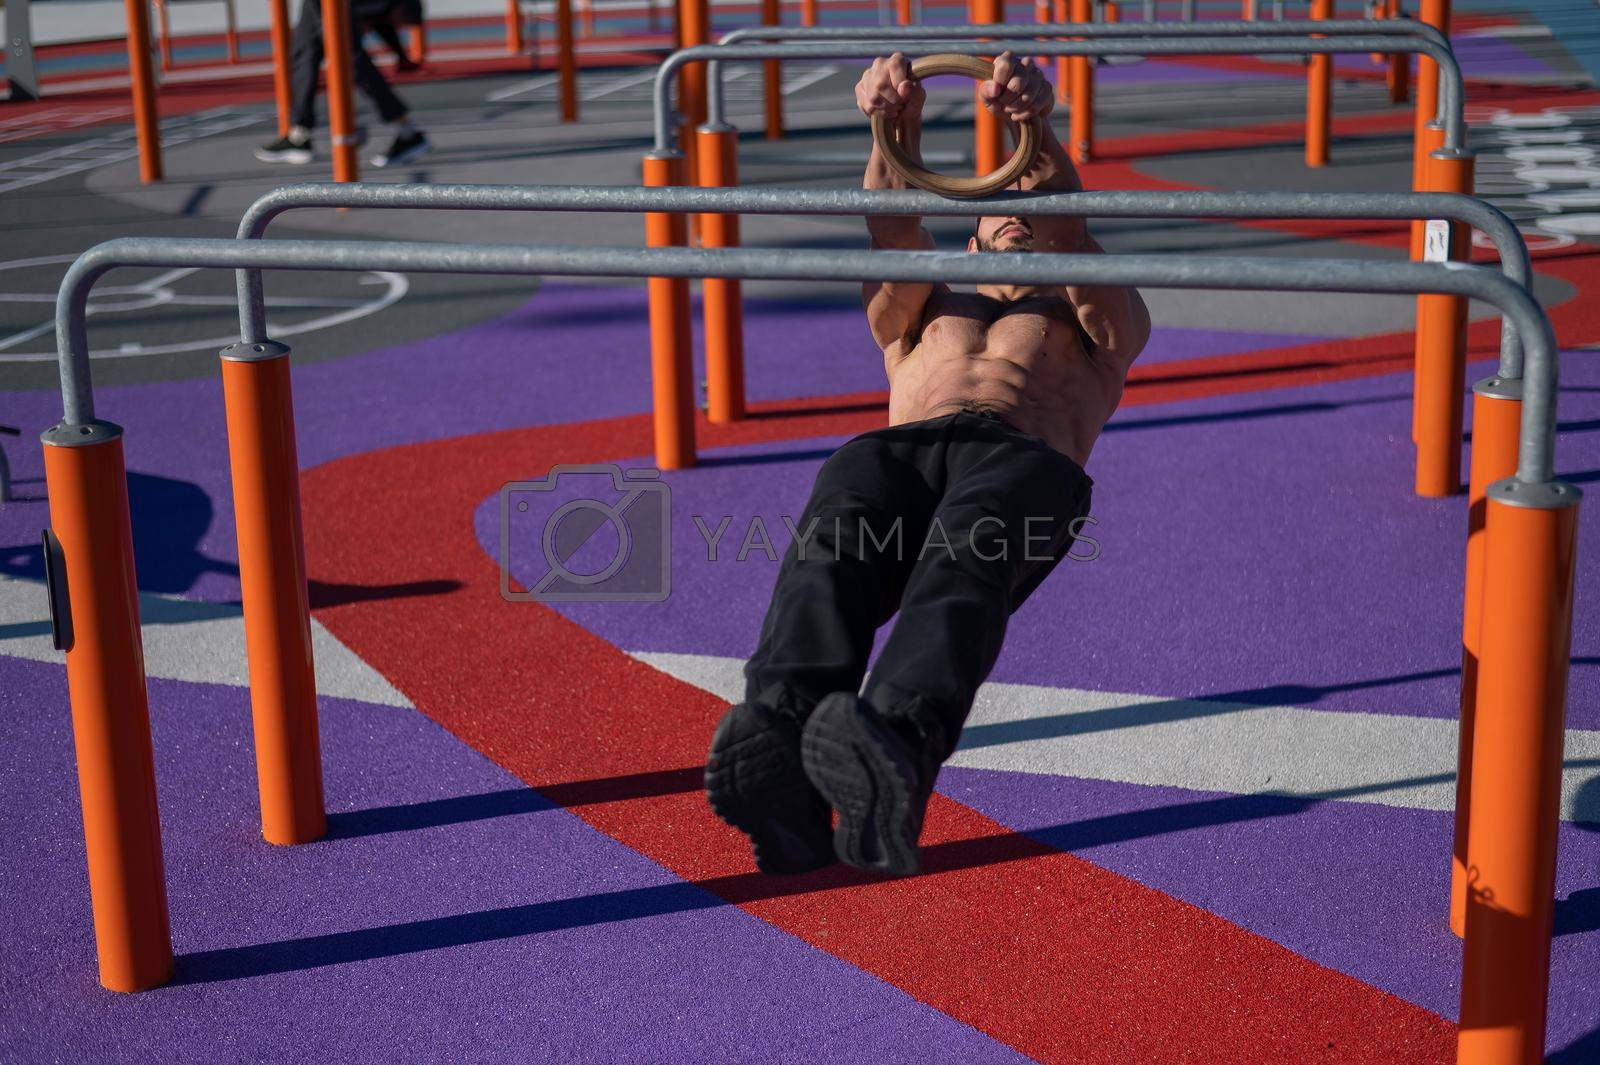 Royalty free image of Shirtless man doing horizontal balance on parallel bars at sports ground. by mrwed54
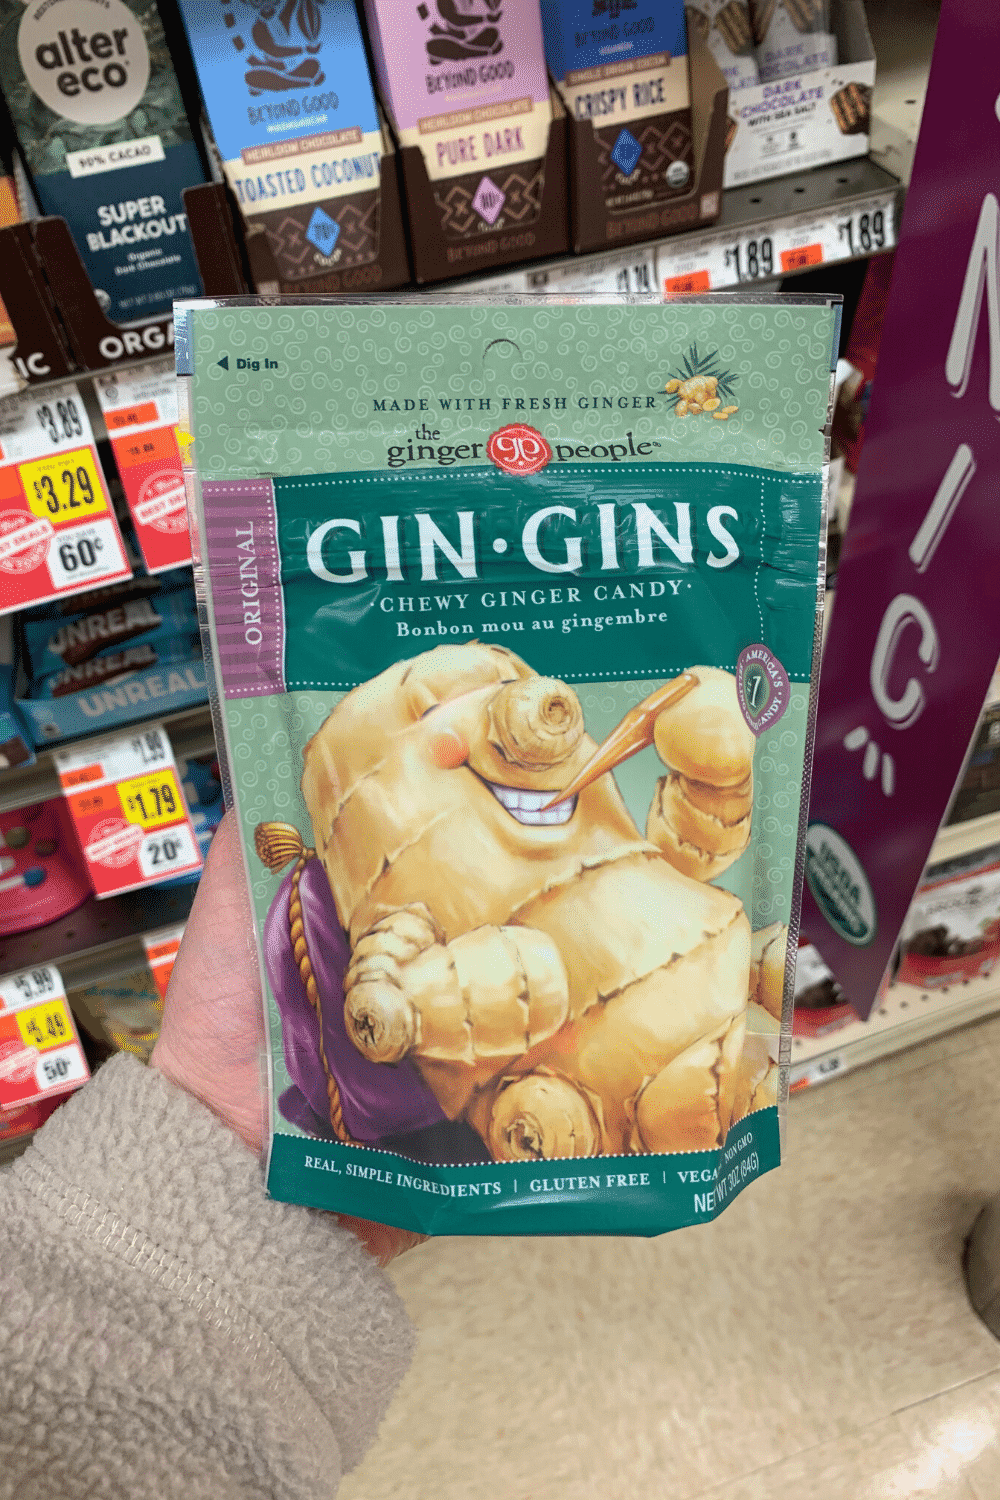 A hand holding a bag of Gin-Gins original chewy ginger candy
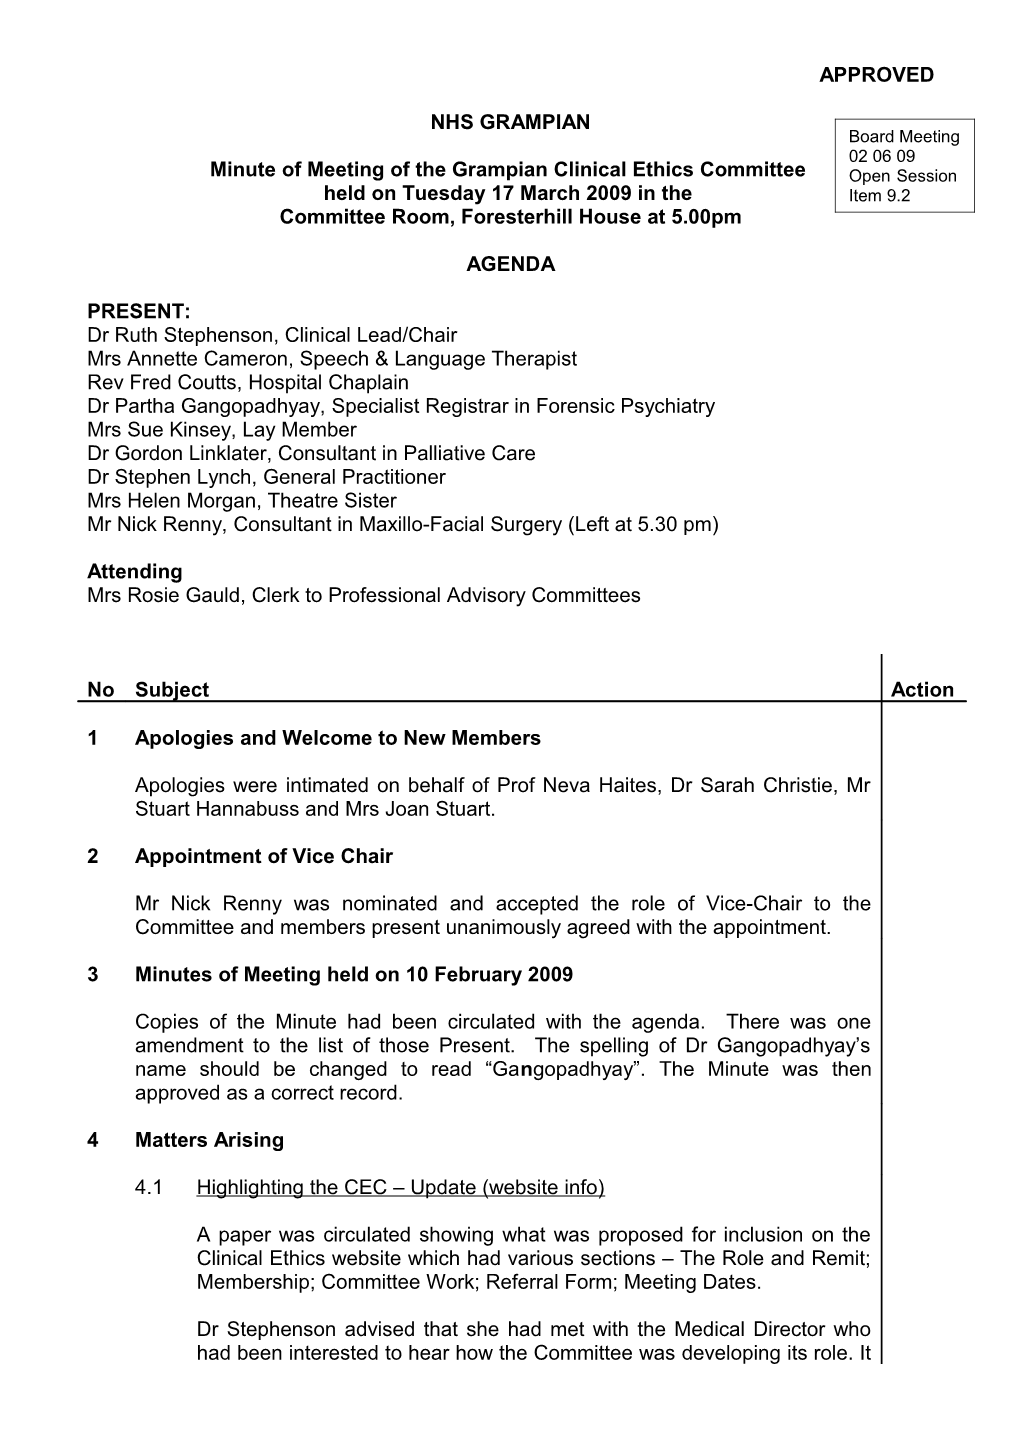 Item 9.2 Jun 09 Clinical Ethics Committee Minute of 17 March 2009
######
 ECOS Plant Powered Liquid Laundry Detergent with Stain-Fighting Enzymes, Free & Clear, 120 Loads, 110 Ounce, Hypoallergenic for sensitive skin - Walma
######
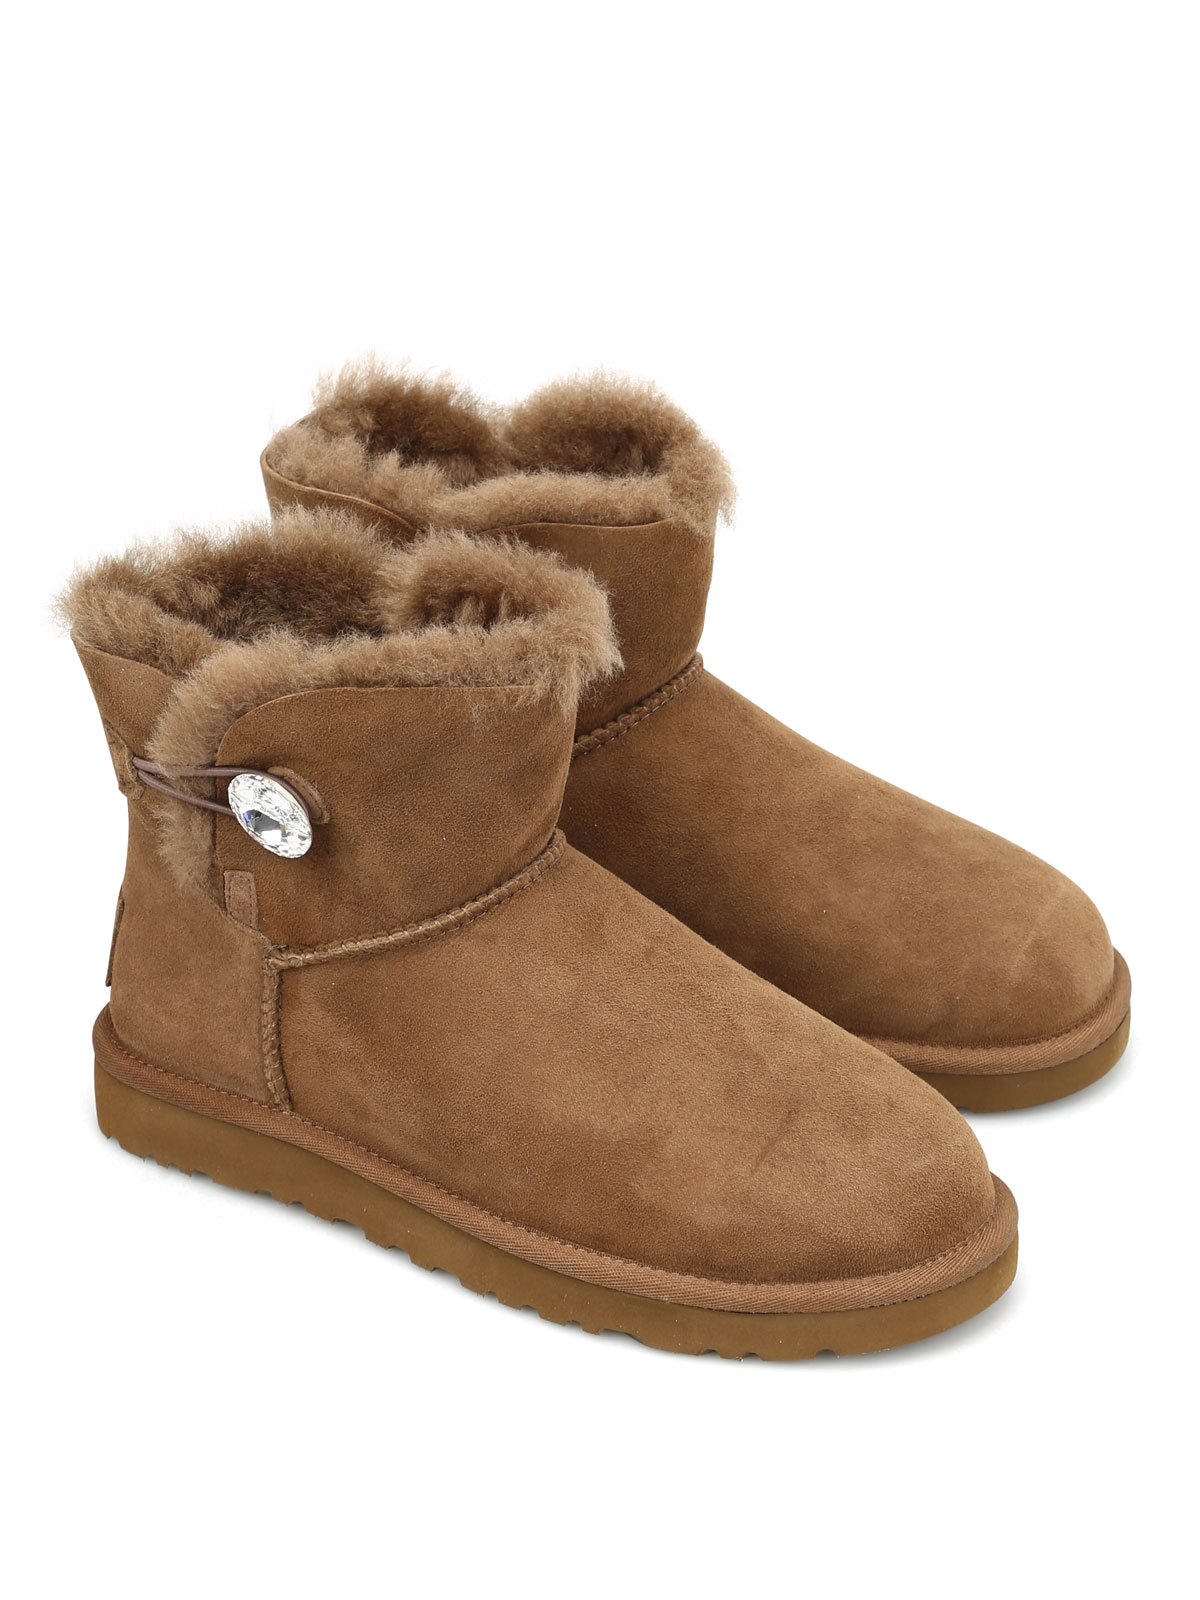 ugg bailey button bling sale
######
Go to the line above holding "Royalty free image", then copy exactly each line down to and including the one holding "Item 9.2 Jun", leaving pictures out.

 Royalty free image of Shirtless man doing horizontal balance on parallel bars at sports ground. by mrwed54
 A hand holding a bag of Gin-Gins original chewy ginger candy
 Item 9.2 Jun 09 Clinical Ethics Committee Minute of 17 March 2009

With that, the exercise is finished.